→ **Data excerpt**
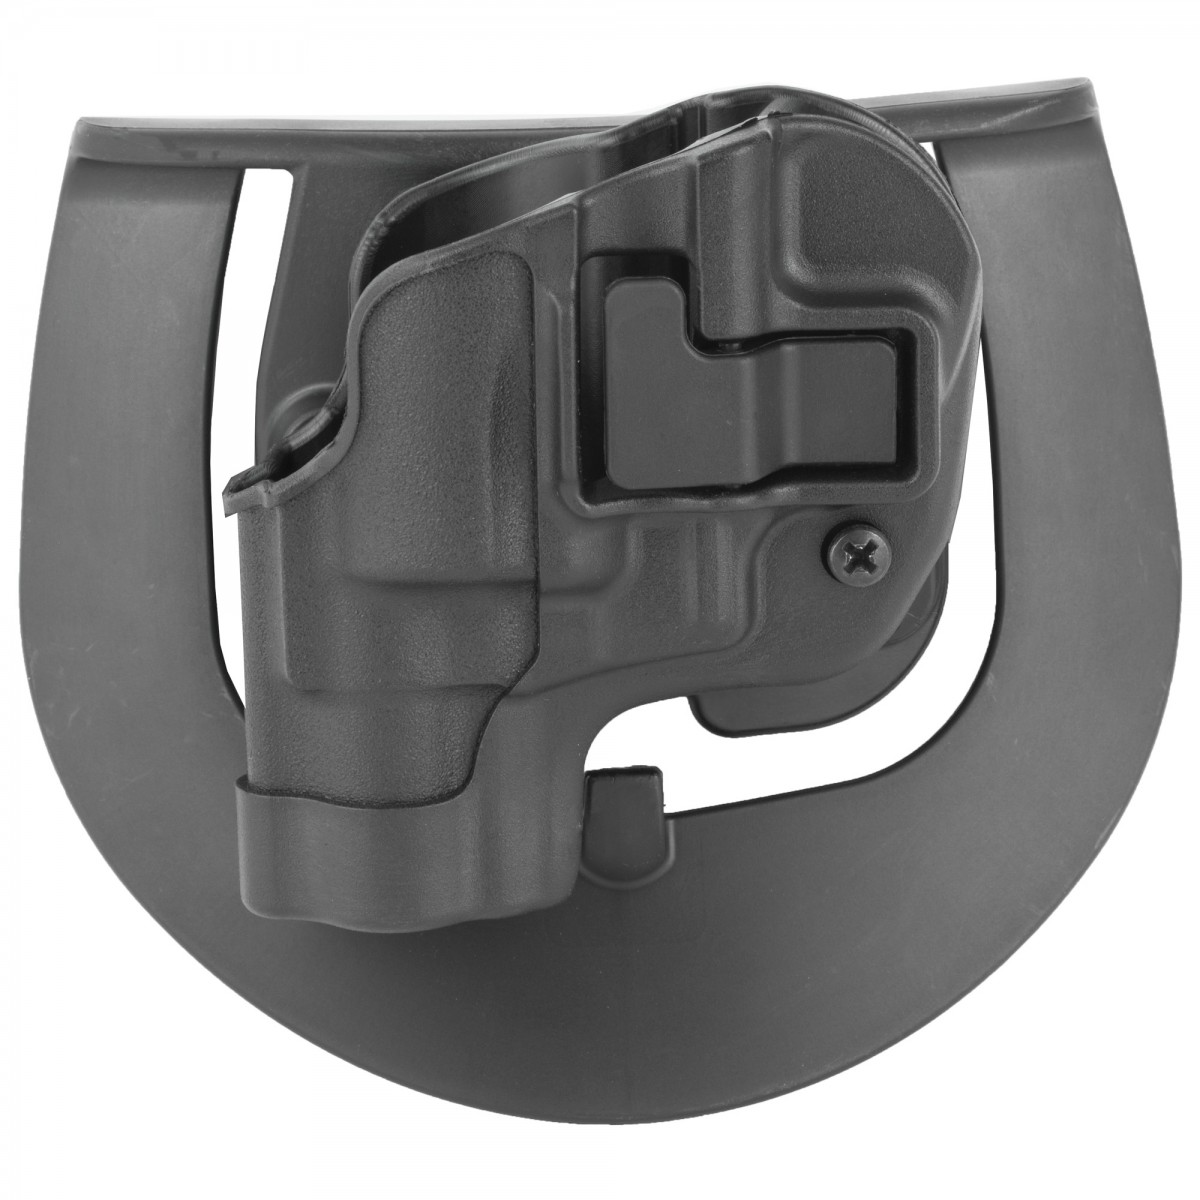 https://gunmagwarehouse.com/media/catalog/product/cache/1/image/1200x1200/9df78eab33525d08d6e5fb8d27136e95/b/l/blackhawk-cqc-serpa-holster-with-belt-and-paddle-attachment-fits-j-frame-revolvers-with-2-inch-barrel-1.jpg
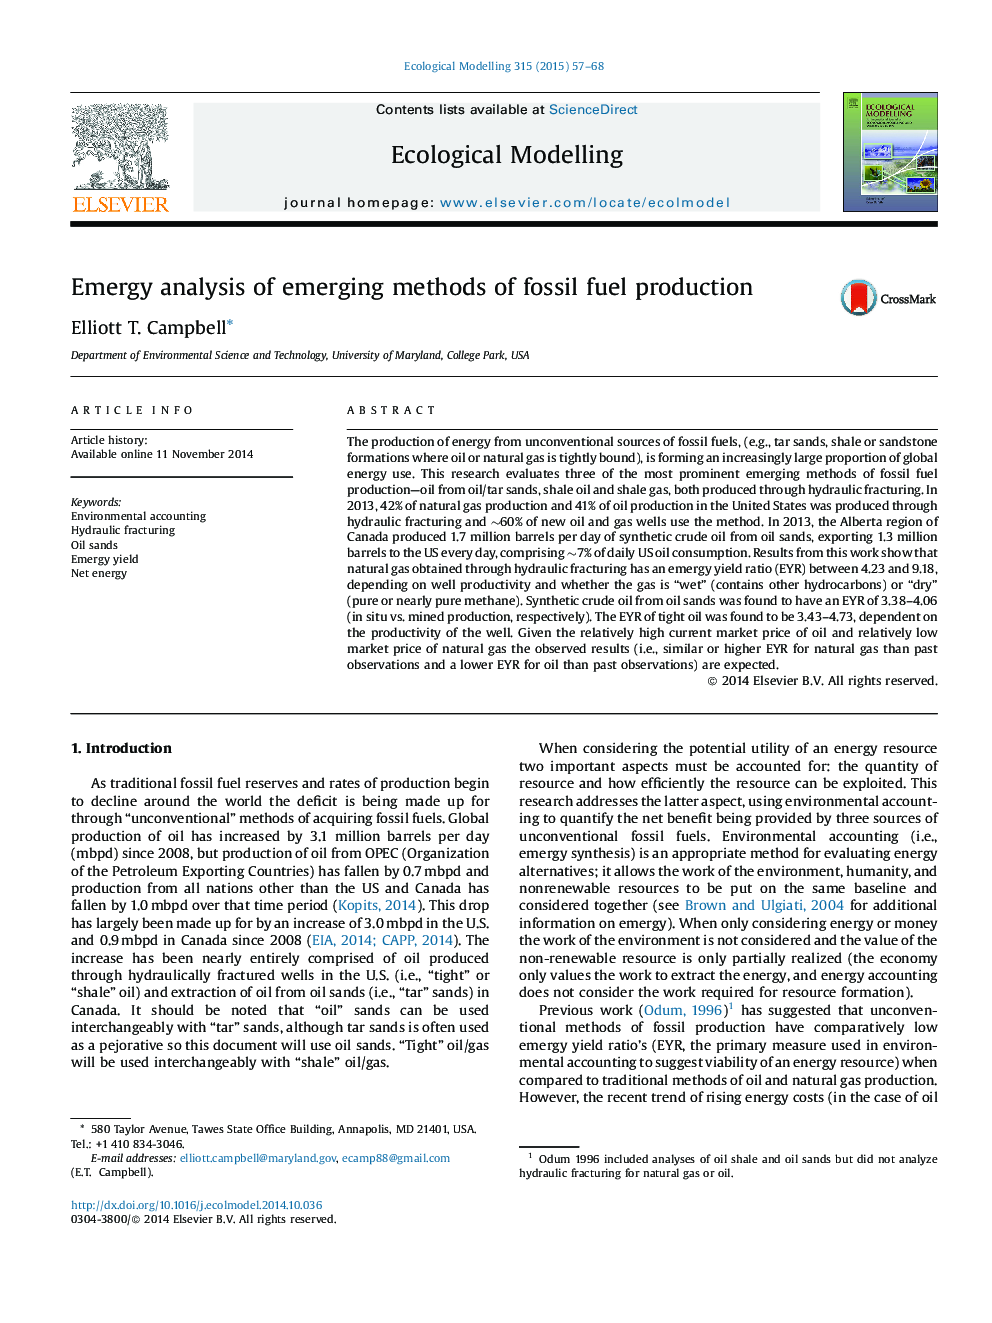 Emergy analysis of emerging methods of fossil fuel production
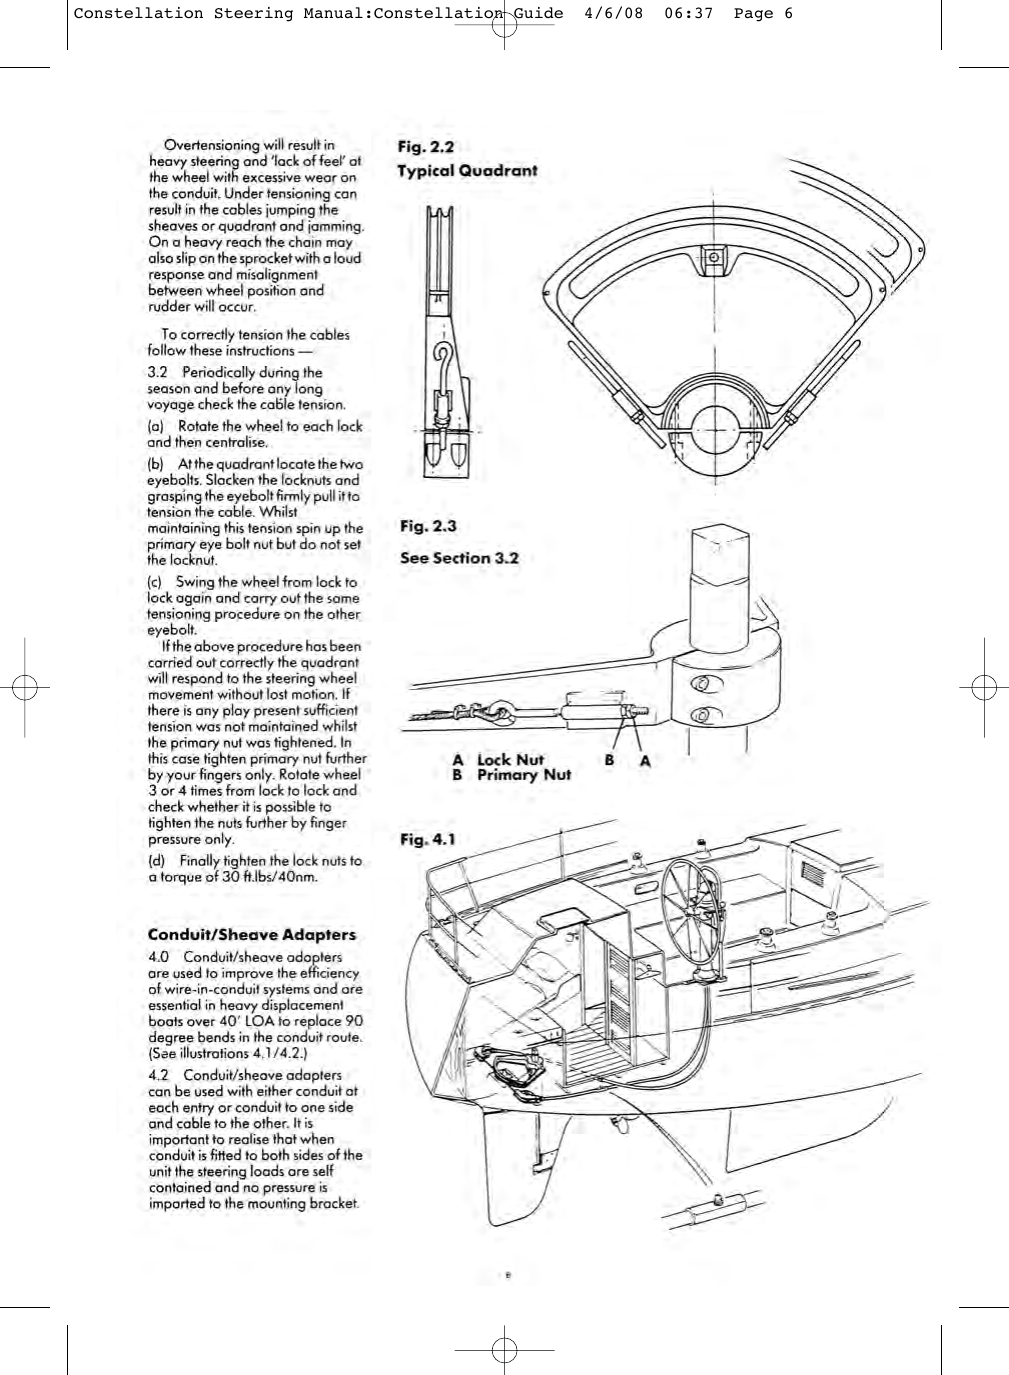 Page 6 of 8 - Constellation Steering Manual:Constellation Guide Constellation-Steering-Manual
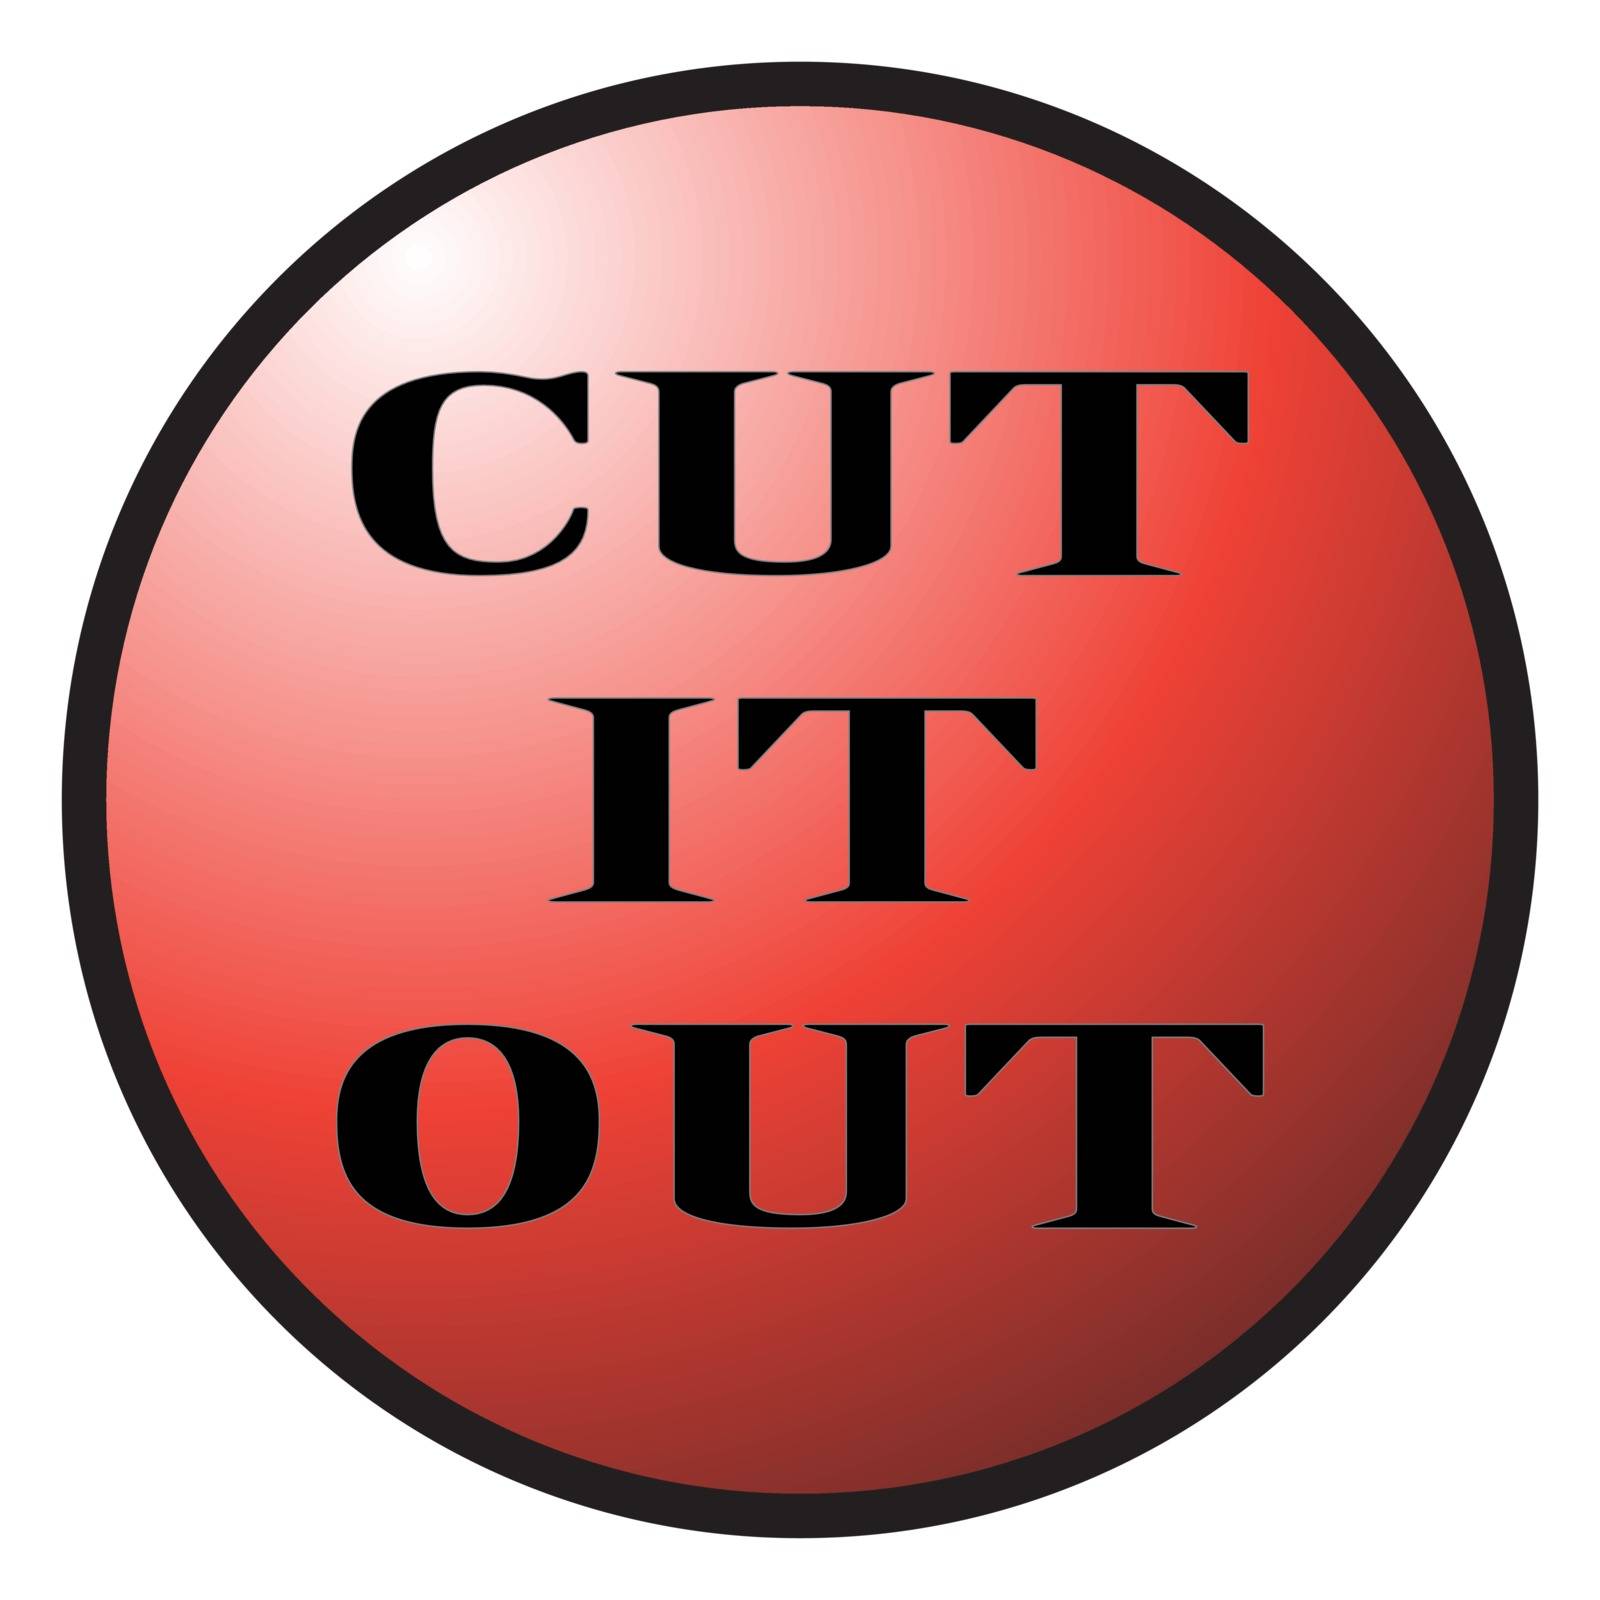 A big red button saying 'CUT IT OUT' and isolated on a white background

→ **Your goal**
Reproduce nothing but the lines from the line containing "Page 6 of 8" through the last line of the data above, exactly as written and without pictures.

→ **Result of this exercise**
 Page 6 of 8 - Constellation Steering Manual:Constellation Guide Constellation-Steering-Manual
 A big red button saying 'CUT IT OUT' and isolated on a white background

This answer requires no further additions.